ACTIVITY » Make an exact copy of all the data, pictures excluded.

COLLECTED MATERIAL »
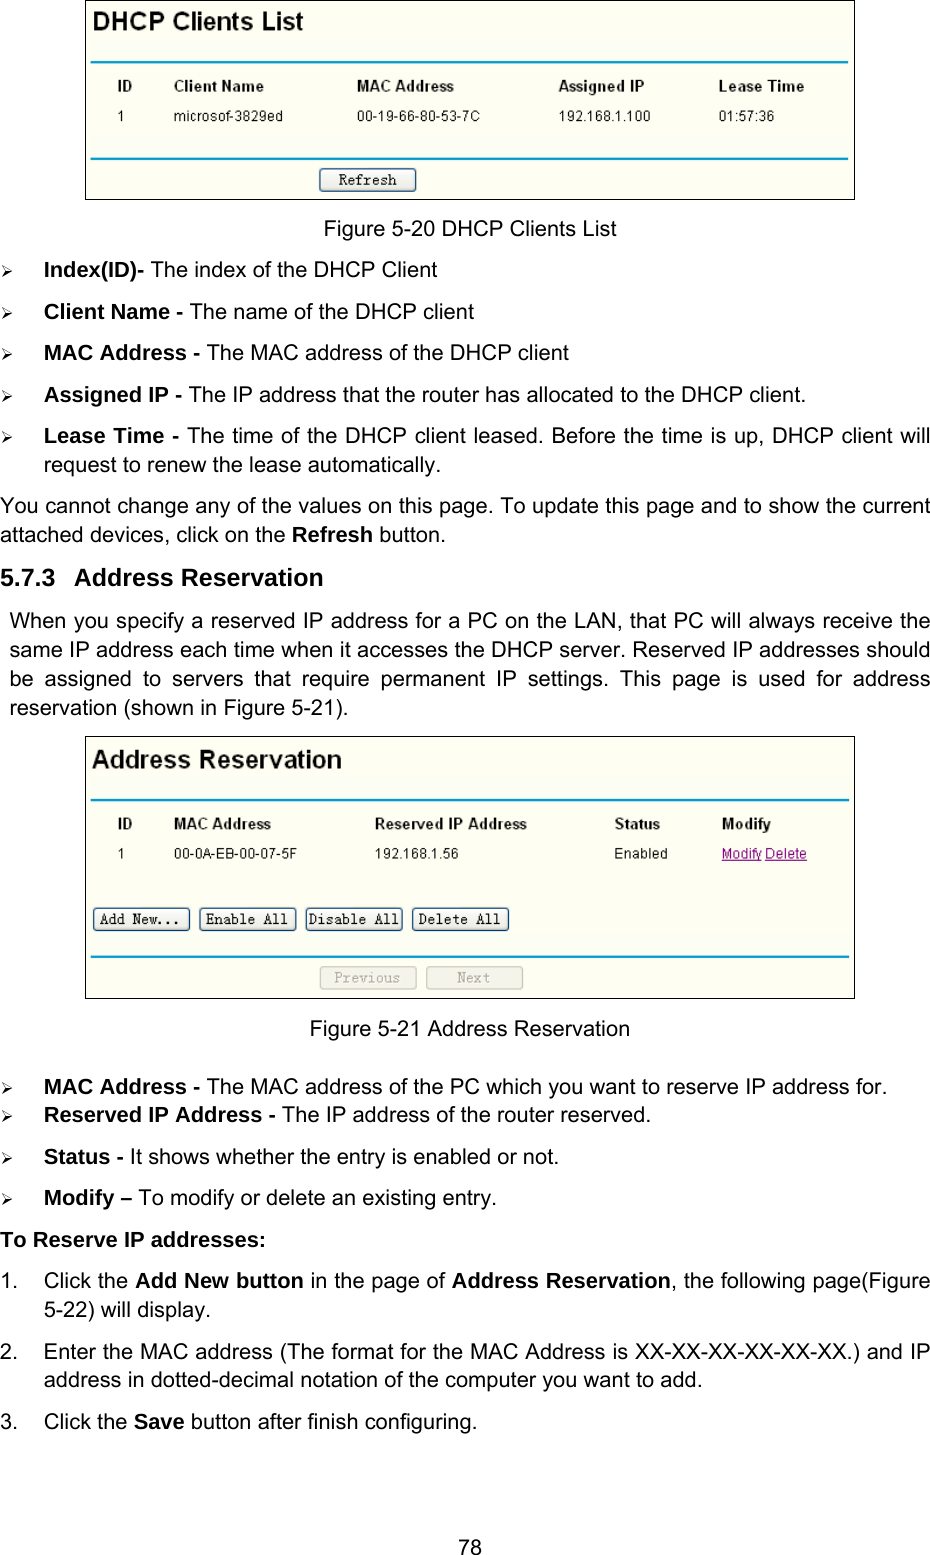  78  Figure 5-20 DHCP Clients List ¾ Index(ID)- The index of the DHCP Client   ¾ Client Name - The name of the DHCP client   ¾ MAC Address - The MAC address of the DHCP client   ¾ Assigned IP - The IP address that the router has allocated to the DHCP client. ¾ Lease Time - The time of the DHCP client leased. Before the time is up, DHCP client will request to renew the lease automatically. You cannot change any of the values on this page. To update this page and to show the current attached devices, click on the Refresh button. 5.7.3  Address Reservation When you specify a reserved IP address for a PC on the LAN, that PC will always receive the same IP address each time when it accesses the DHCP server. Reserved IP addresses should be assigned to servers that require permanent IP settings. This page is used for address reservation (shown in Figure 5-21).  Figure 5-21 Address Reservation ¾ MAC Address - The MAC address of the PC which you want to reserve IP address for. ¾ Reserved IP Address - The IP address of the router reserved. ¾ Status - It shows whether the entry is enabled or not. ¾ Modify – To modify or delete an existing entry. To Reserve IP addresses:   1. Click the Add New button in the page of Address Reservation, the following page(Figure 5-22) will display.   2.  Enter the MAC address (The format for the MAC Address is XX-XX-XX-XX-XX-XX.) and IP address in dotted-decimal notation of the computer you want to add.   3. Click the Save button after finish configuring.   
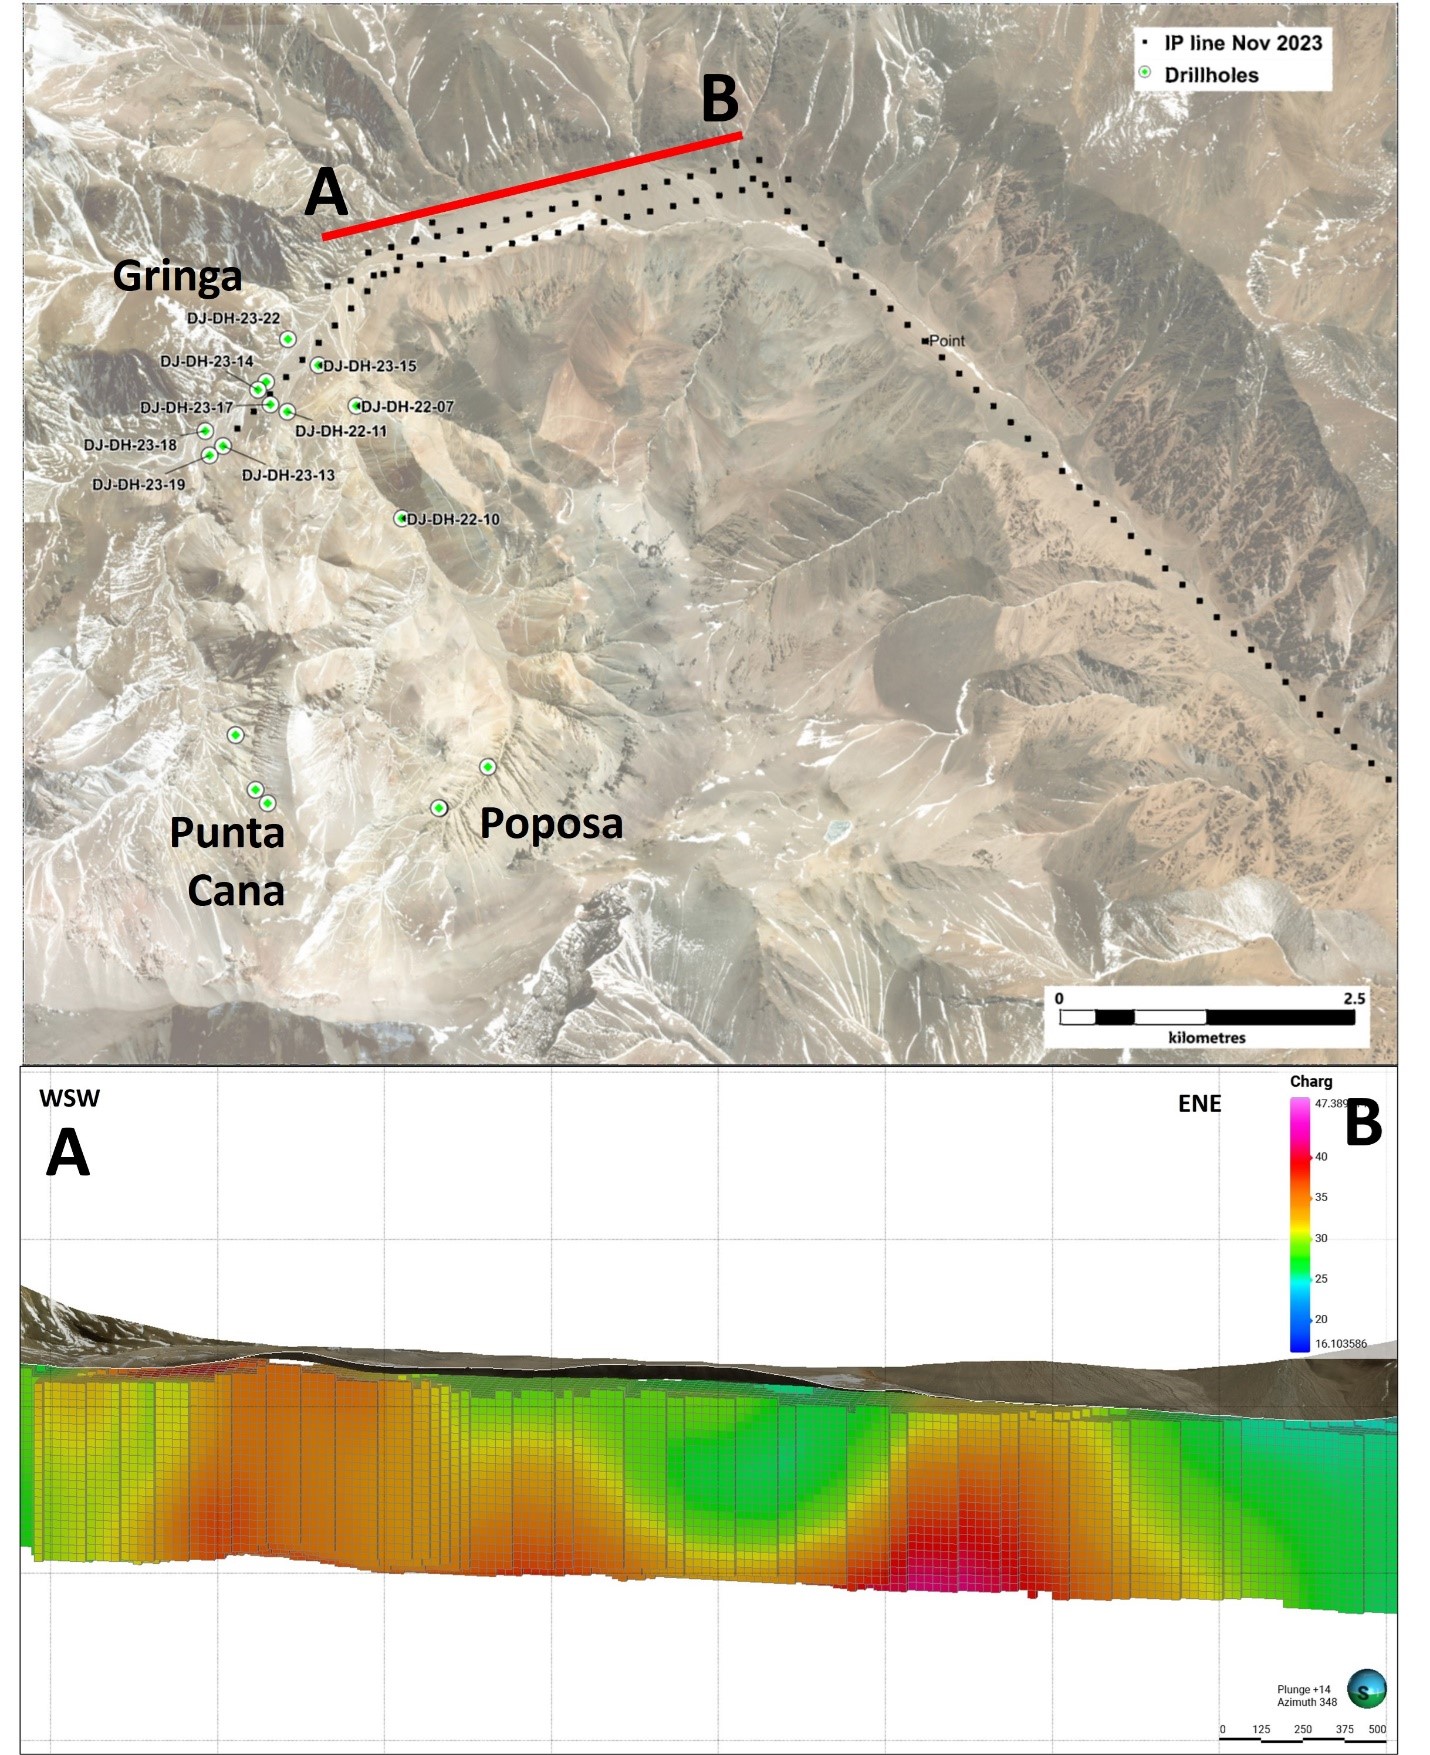 Location of IP lines acquired last month with respect to the Gringa and Poposa porphyry targets. The lower section shows the geometry and intensity of the two new IP anomalies.
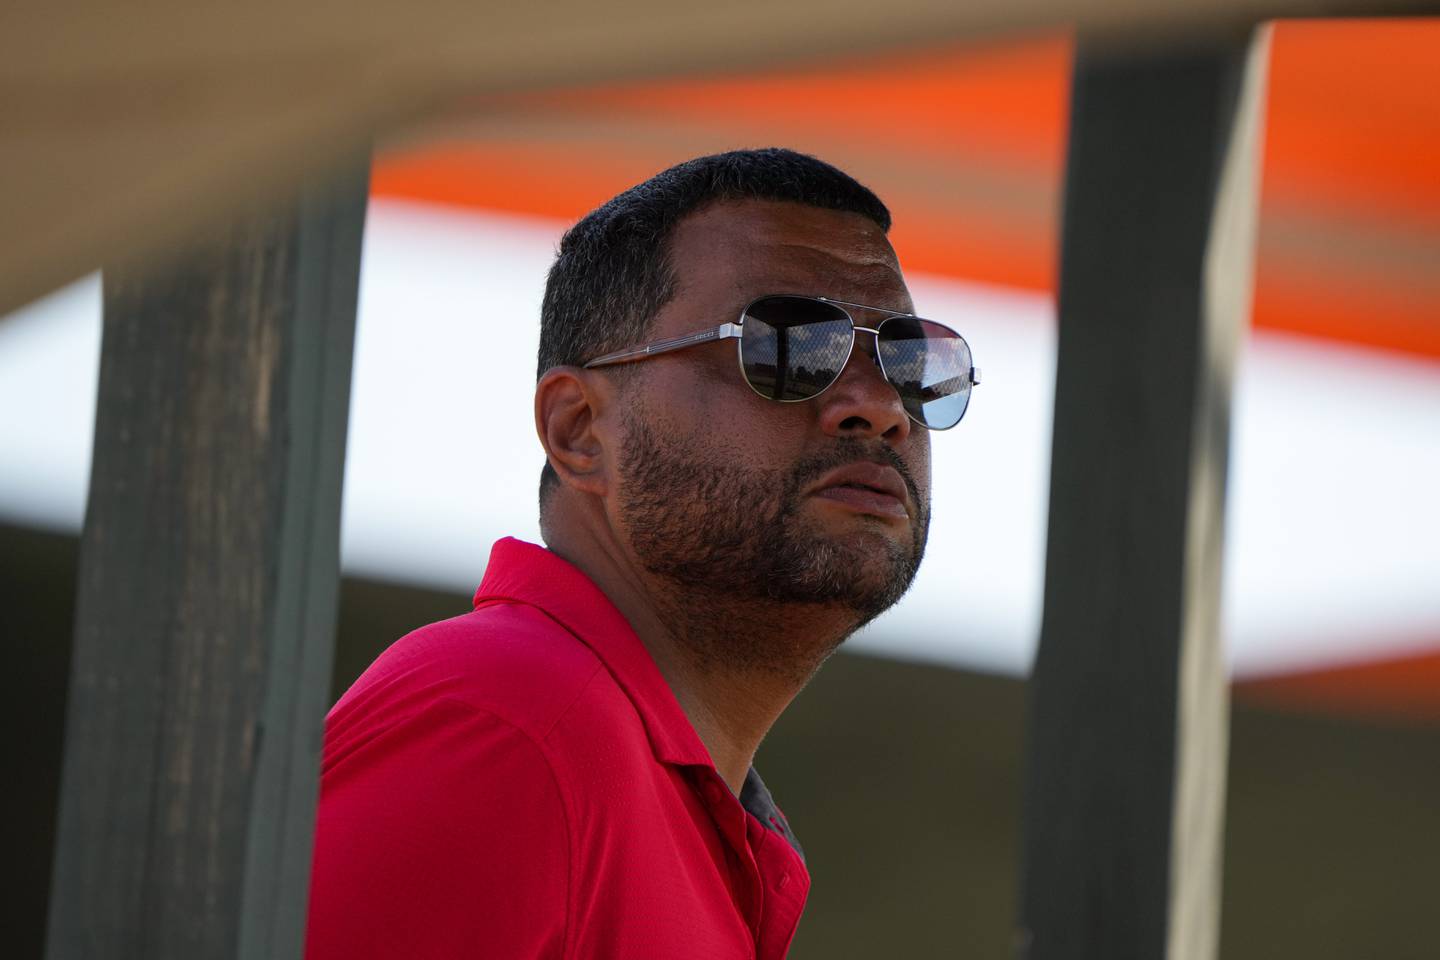 Koby Perez, Director of International Scouting, observes practice at Ed Smith Stadium in Sarasota on 2/24/23. The Baltimore Orioles’ Spring Training session runs from mid-February through the end of March.

ANSWER SPACE »
  78  Figure 5-20 DHCP Clients List ¾ Index(ID)- The index of the DHCP Client   ¾ Client Name - The name of the DHCP client   ¾ MAC Address - The MAC address of the DHCP client   ¾ Assigned IP - The IP address that the router has allocated to the DHCP client. ¾ Lease Time - The time of the DHCP client leased. Before the time is up, DHCP client will request to renew the lease automatically. You cannot change any of the values on this page. To update this page and to show the current attached devices, click on the Refresh button. 5.7.3  Address Reservation When you specify a reserved IP address for a PC on the LAN, that PC will always receive the same IP address each time when it accesses the DHCP server. Reserved IP addresses should be assigned to servers that require permanent IP settings. This page is used for address reservation (shown in Figure 5-21).  Figure 5-21 Address Reservation ¾ MAC Address - The MAC address of the PC which you want to reserve IP address for. ¾ Reserved IP Address - The IP address of the router reserved. ¾ Status - It shows whether the entry is enabled or not. ¾ Modify – To modify or delete an existing entry. To Reserve IP addresses:   1. Click the Add New button in the page of Address Reservation, the following page(Figure 5-22) will display.   2.  Enter the MAC address (The format for the MAC Address is XX-XX-XX-XX-XX-XX.) and IP address in dotted-decimal notation of the computer you want to add.   3. Click the Save button after finish configuring.   
 Location of IP lines acquired last month with respect to the Gringa and Poposa porphyry targets. The lower section shows the geometry and intensity of the two new IP anomalies.
 Koby Perez, Director of International Scouting, observes practice at Ed Smith Stadium in Sarasota on 2/24/23. The Baltimore Orioles’ Spring Training session runs from mid-February through the end of March.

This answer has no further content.